Brain stimulation treatments in epilepsy: Basic mechanisms and clinical advances

Abstract

Drug-resistant epilepsy, characterized by ongoing seizures despite appropriate trials of anti-seizure medications, affects approximately one-third of people with epilepsy. Brain stimulation has recently become available as an alternative treatment option to reduce symptomatic seizures in short and long-term follow-up studies. Several questions remain on how to optimally develop patient-specific treatments and manage therapy over the long term. This review aims to discuss the clinical use and mechanisms of action of Responsive Neural Stimulation and Deep Brain Stimulation in the treatment of epilepsy and highlight recent advances that may both improve outcomes and present new challenges. Finally, a rational approach to device selection is presented based on current mechanistic understanding, clinical evidence, and device features.
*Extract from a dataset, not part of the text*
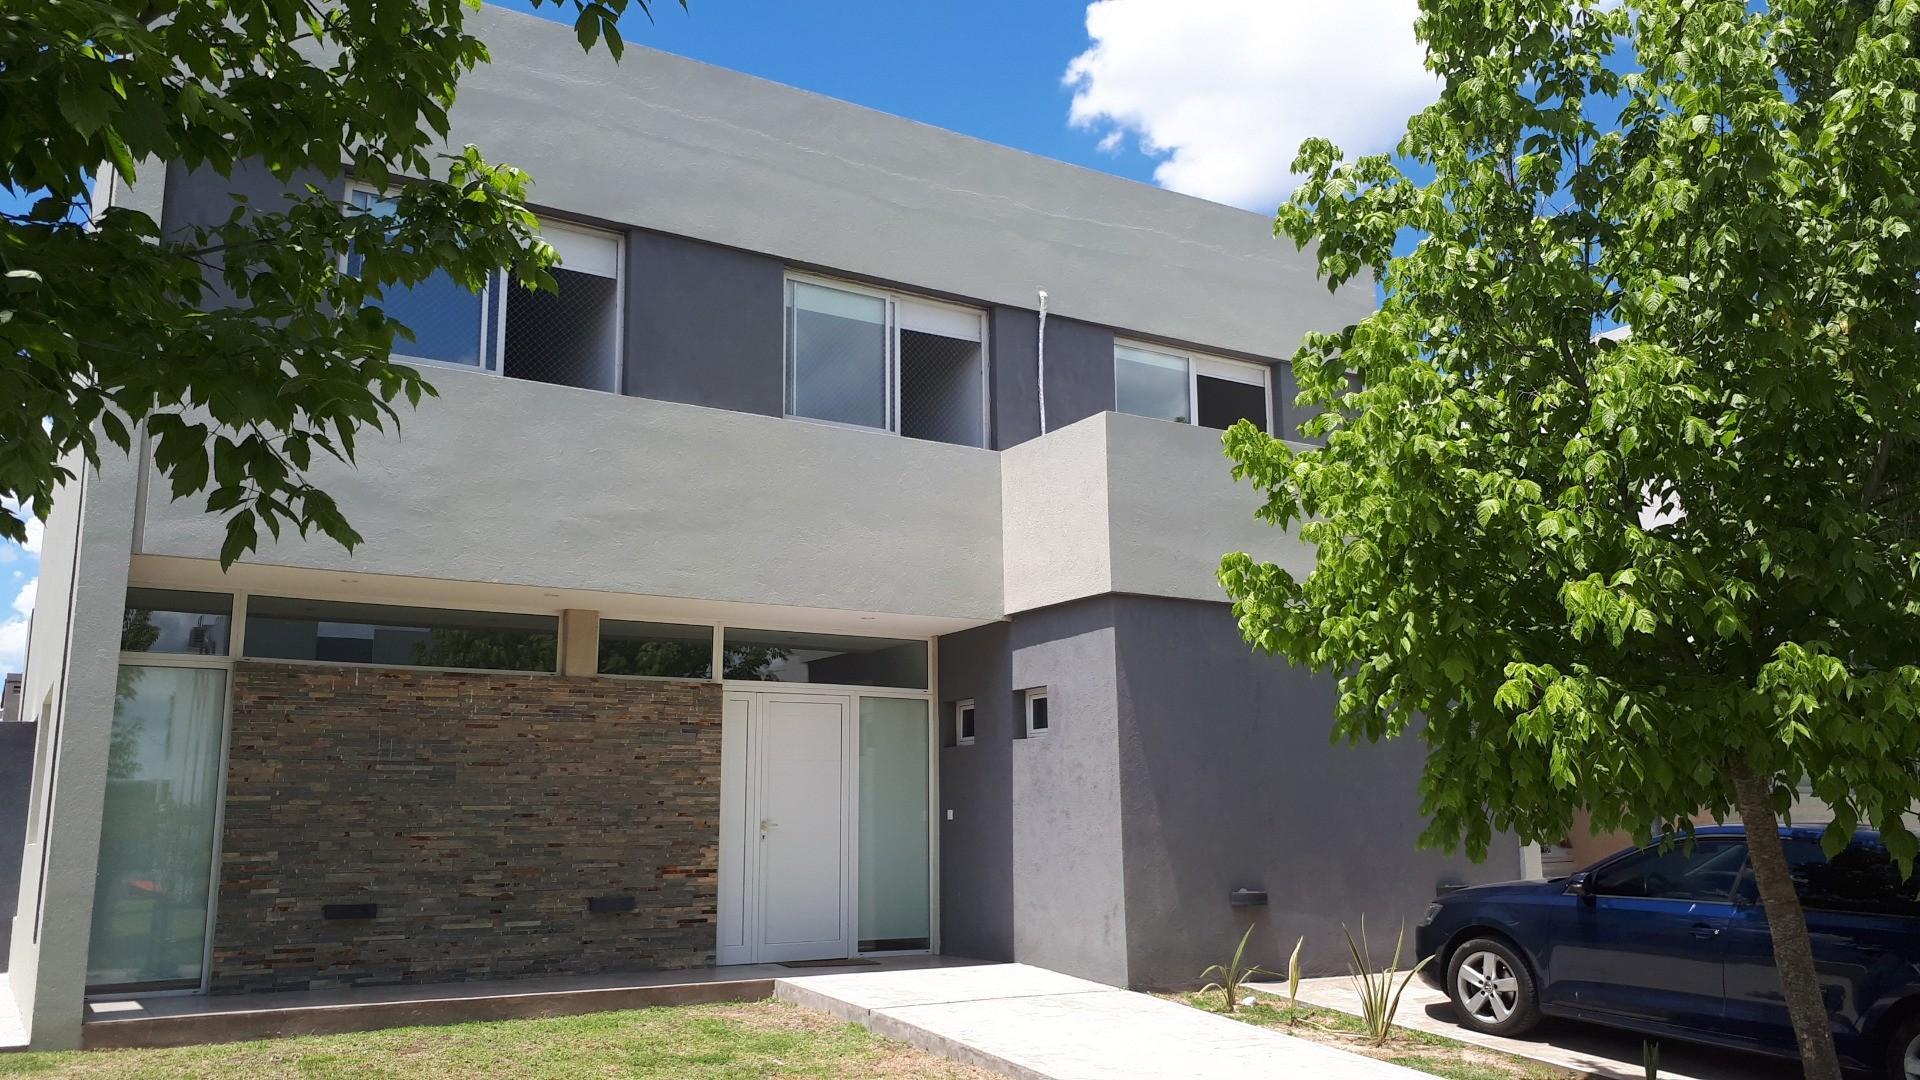 Casa en Venta en Nordelta Los Alisos - 5 ambientes
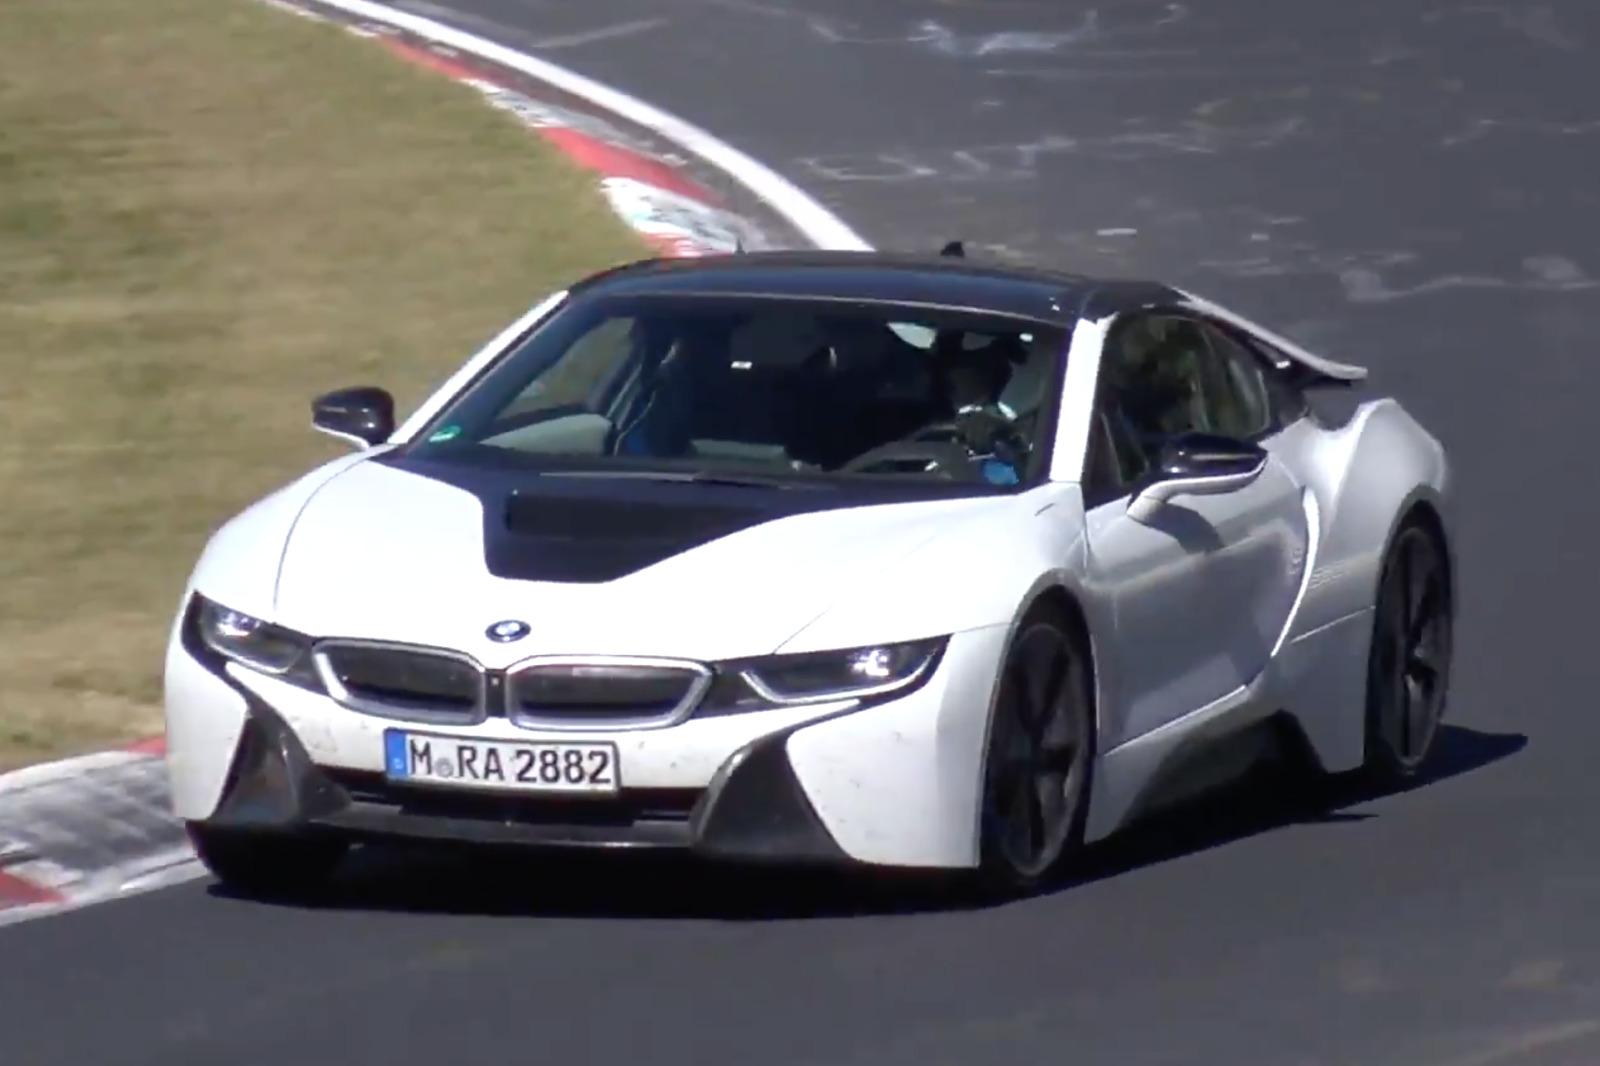 BMW i8 Roadster 2018: Erlkönig-Video zeigt Hybrid-Spyder

Keywords: Deep brain stimulation; Epilepsy; Neurostimulation; Responsive neural stimulation; Seizure.

Fig. 1

Neurostimulation overview. (A) The stimulation waveform is primarily defined by the amplitude of stimulation (μA-mA), stimulation pulse width (μs-ms), burst duration (ms-s), stimulation frequency (Hz), and burst frequency (<1 Hz) (B) Open-loop stimulation devices (e.g., Deep Brain Stimulation). Deliver continuous periodic stimulation (I_stim) to the brain (C) Closed-loop stimulation devices (e.g., Responsive Neural Stimulation). Deliver stimulation only when seizure activity is detected from the recorded EEG signal (V_eeg).

Fig. 2

Representation of chronic effects of neurostimulation (A) In established epilepsy, seizure suppression (shaded region) temporarily reduces the probability of seizures, with no permanent effect on disease state of epilepsy. (B) In established epilepsy, disease modification (shaded region) results in permanent reduction in seizure frequency, ideally resulting in seizure freedom or “cure”, even after stimulation is stopped. The black bar represent the time period of stimulation.

Fig. 3

Representation of acute seizure-termination effects of neurostimulation. In this simulated EEG tracing, seizure activity is interrupted by a brief pulse of electrical neurostimulation.

Fig. 4

Schematic representation of stimulation fields from conventional and directional electrodes. (A) A single active symmetric ring contact (red) creates a roughly spherical volume of modulated tissue (green sphere), as seen from oblique (left) and axial (right) directions. (B) A single active directional contact creates an asymmetric volume of modulated tissue (green), as seen from oblique (left) and axial (right) directions, which could be designed to avoid brain regions associated with undesirable side effects.

Fig. 5

A proposed clinical approach to neuromodulation selection. Highly localized focal epilepsy arising from 1 to 2 foci are preferentially treated with RNS to benefit from continuous monitoring. ANT DBS is an approved alternative. Hippocampal DBS for temporal lobe epilepsy is a reasonable alternative. Multifocal (3+ foci) or poorly-localized focal epilepsy are preferentially treated with ANT DBS, though regional RNS is a reasonable alternative. Brain stimulation is not currently approved for generalized epilepsies, though CMN stimulation is reasonable based on recent studies. ANT: Anterior nucleus of the thalamus. CM: Centro-median nucleus of the thalamus. DBS: Deep Brain Stimulation. HC: Hippocampus. RNS: Responsive Neurostimulation. US FDA approved indications are in bold. Off-label investigational treatments are in italics.